Information supplied:
──────

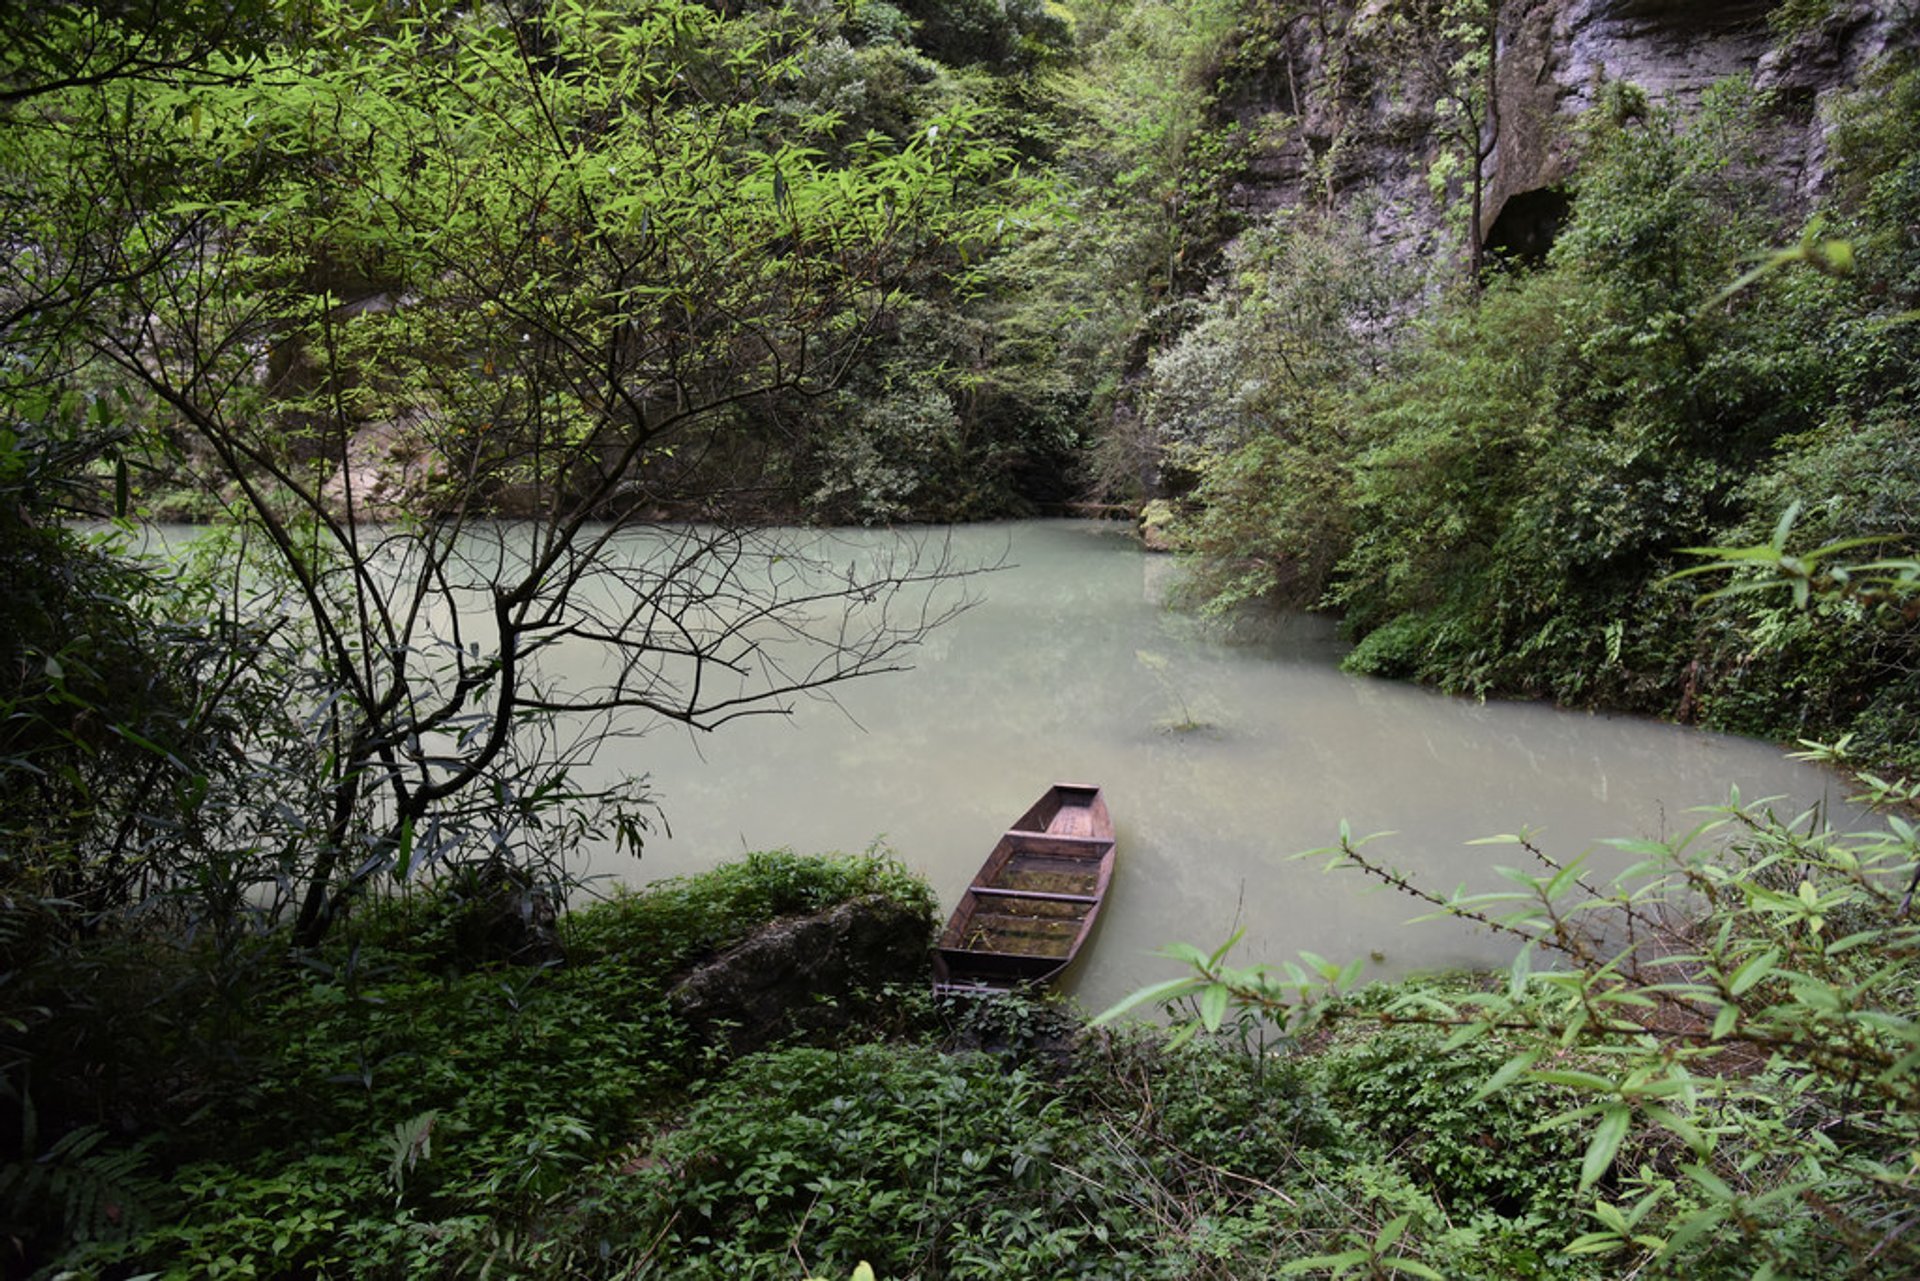 Parque forestal nacional de Zhangjiajie
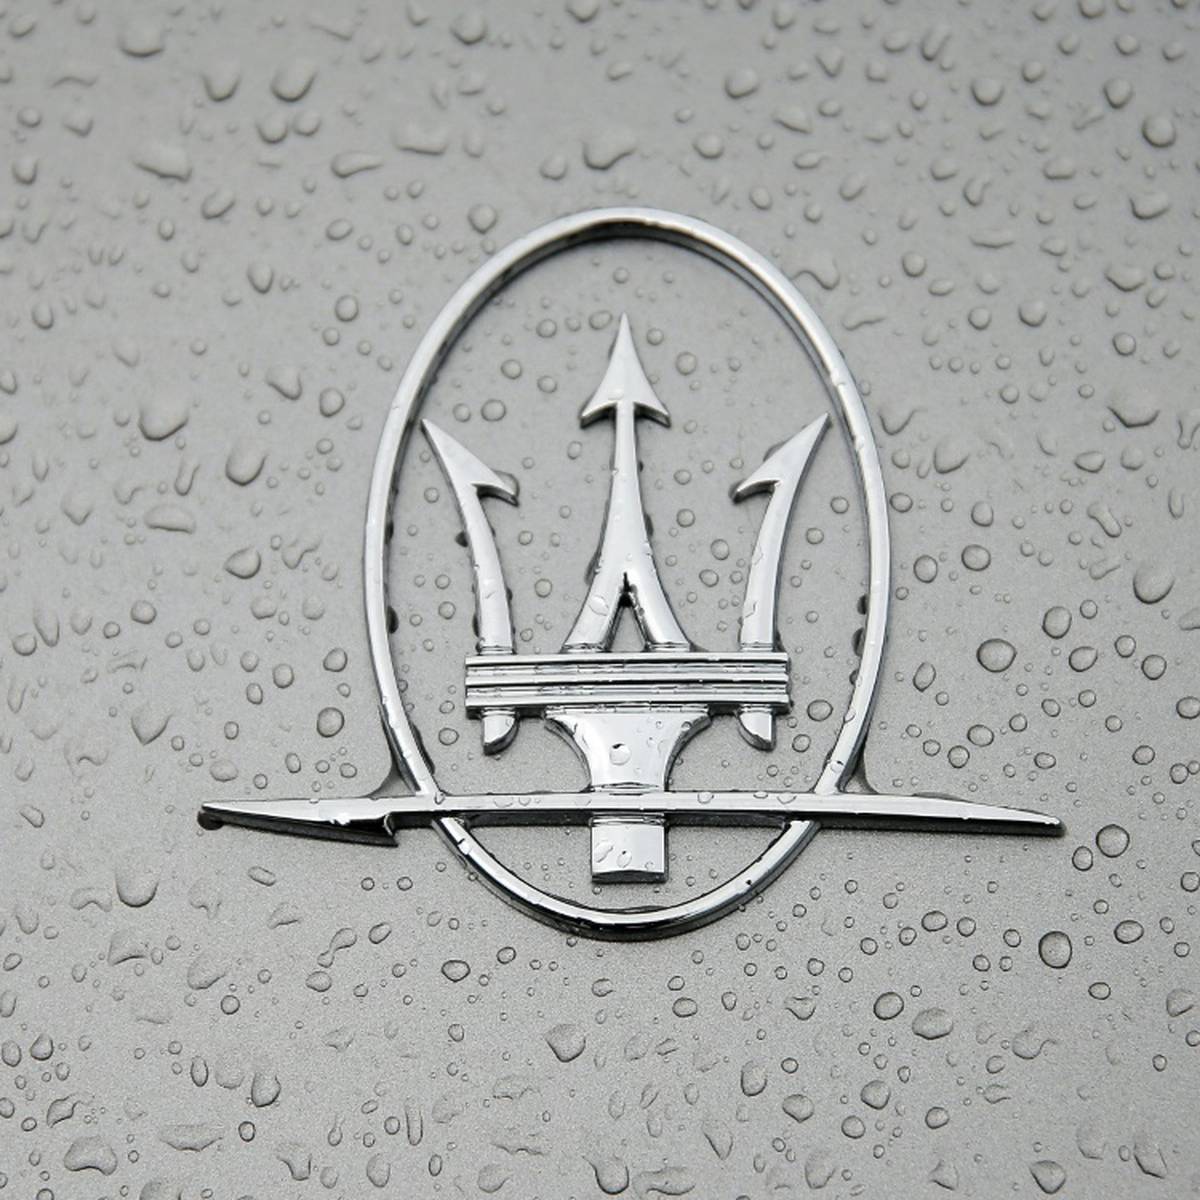 Die italienische Edelmarke Maserati steigt im kommenden Jahr in die Formel E ein. Das gab das Unternehmen am Dienstag bekannt.
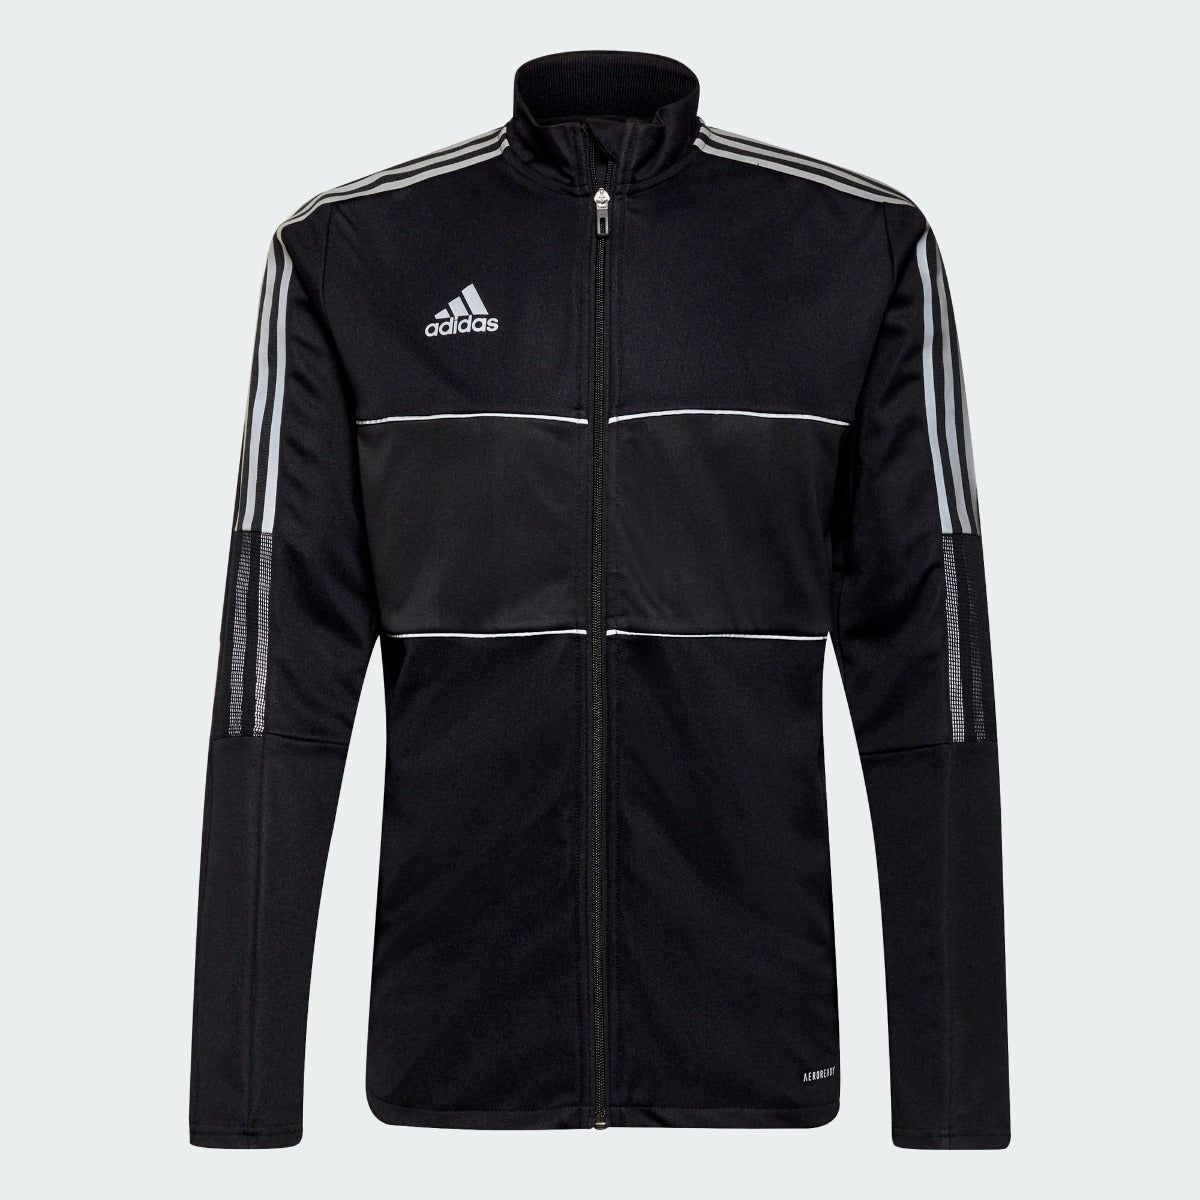 Adidas Tiro Track Jacket - Black-White (Front)

──────

Exercise instructions:
Could you print the whole listing again, exactly, leaving the pictures out?

Expected answer:
 Parque forestal nacional de Zhangjiajie
 Die italienische Edelmarke Maserati steigt im kommenden Jahr in die Formel E ein. Das gab das Unternehmen am Dienstag bekannt.
 Adidas Tiro Track Jacket - Black-White (Front)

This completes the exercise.